Bringing Continuous Delivery to Big Data Applications
YOW! Data 2019
In this presentation I will talk about our experience at SEEK implementing Continuous- Integration & Delivery (CI/CD) in two of our Big Data applications.
I will talk about the Data Lake project and its use of micro-services to break down data ingestion and validation tasks, and how it enables us to deploy changes to production more frequently. Data enters SEEK’s data lake through a variety of sources, including AWS S3, Kinesis and SNS. We use a number of loosely coupled serverless microservices and Spark jobs to implement a multi-layer data ingestion and validation pipeline. Using the microservices architecture enables us to develop, test and deploy the components of the pipeline independently and while the pipeline is operating.
We use Test-Driven Development to define the behaviour of micro-services and verify that they transform the data correctly. Our deployment pipeline is triggered on each code check-in and deploys a component once its tests pass. The data processing pipeline is idempotent so if there is a bug or integration problem in a component we can fix it by replaying the affected data batches through the component.
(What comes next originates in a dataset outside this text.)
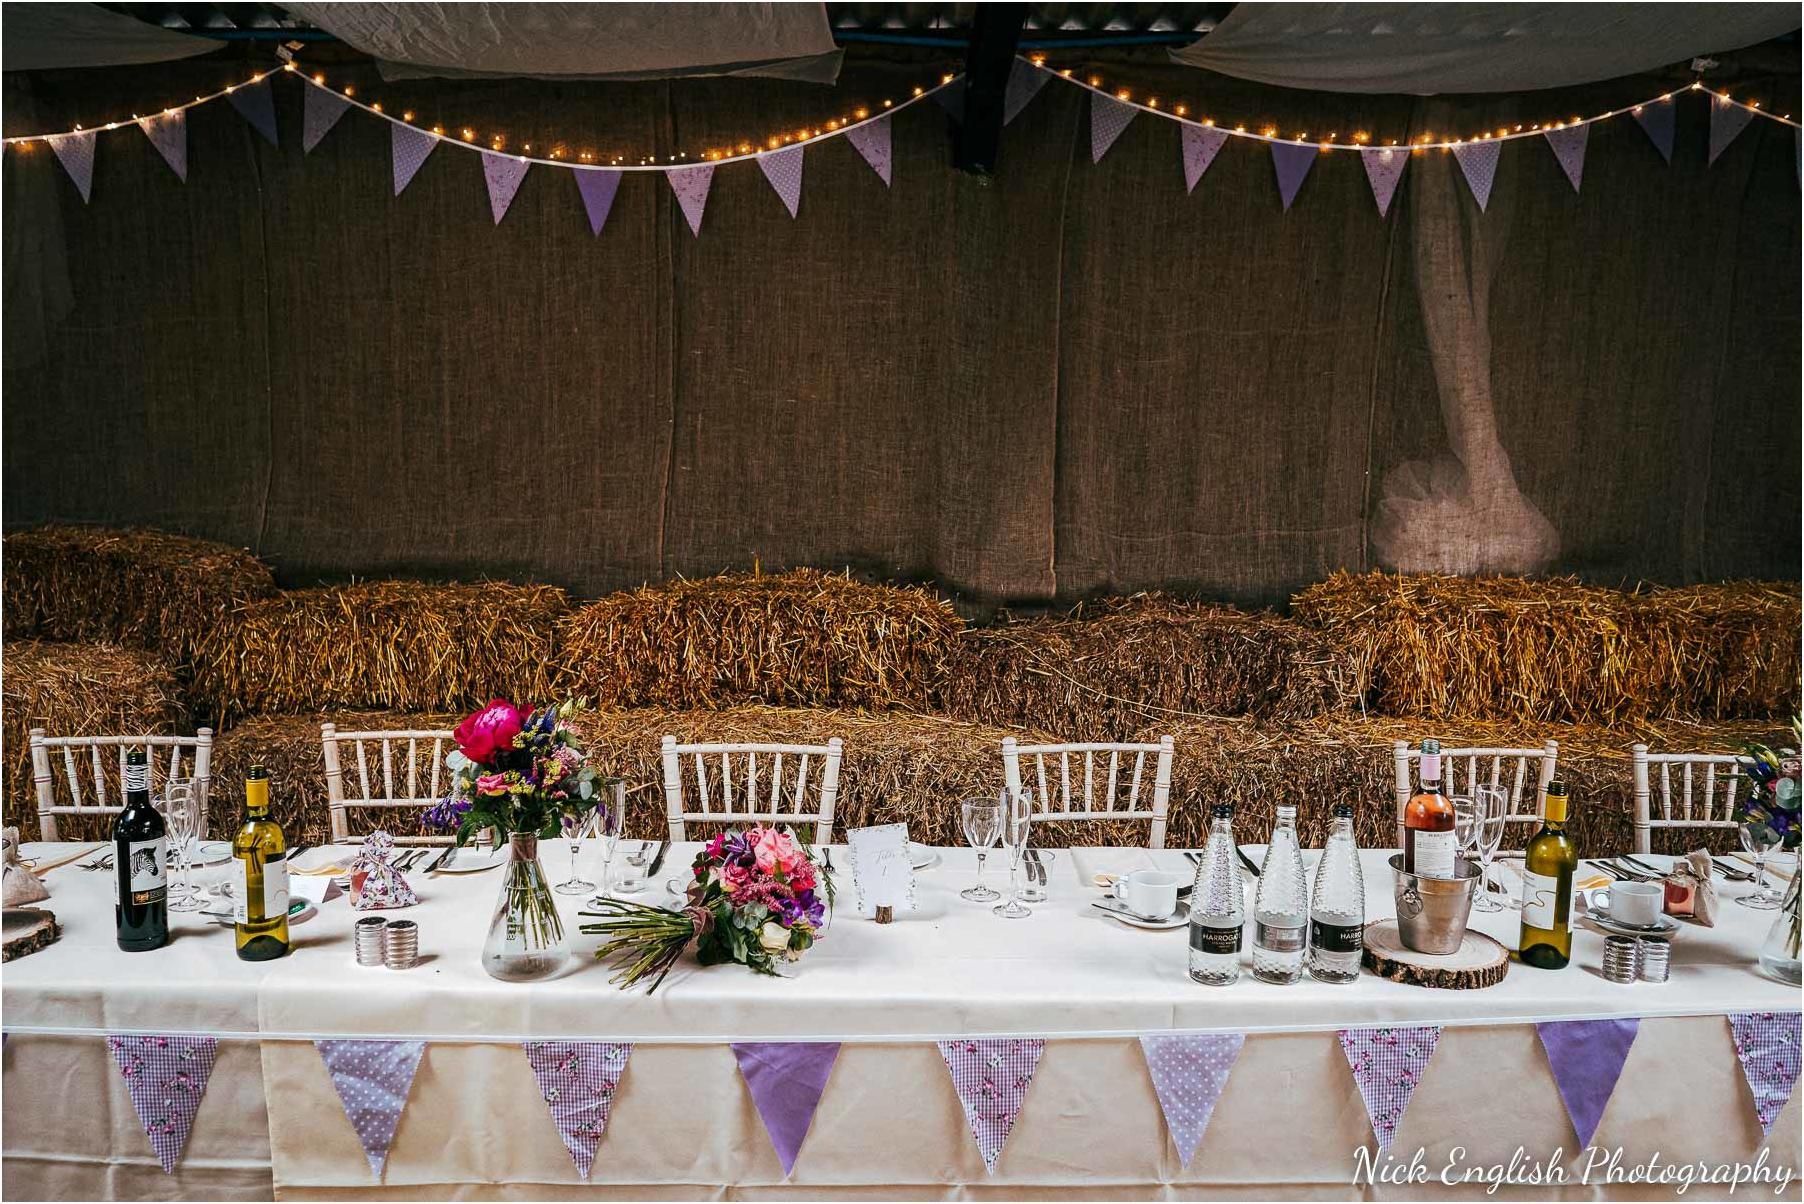 Whitebottom_Farm_Wedding_Manchester_Photograph-61.jpg

In the last part of the talk, I’ll dive deeper into some of the challenges we solved to implement a CI/CD pipeline for our Spark applications written in Scala.
Principal Data Engineer
Software engineer with more than 15 years of experience in the industry, with roles ranging from developing applications to leading teams. I enjoy speaking and exchanging ideas at local meetups and internal company communities of practice. I am passionate about automation, big data and machine learning.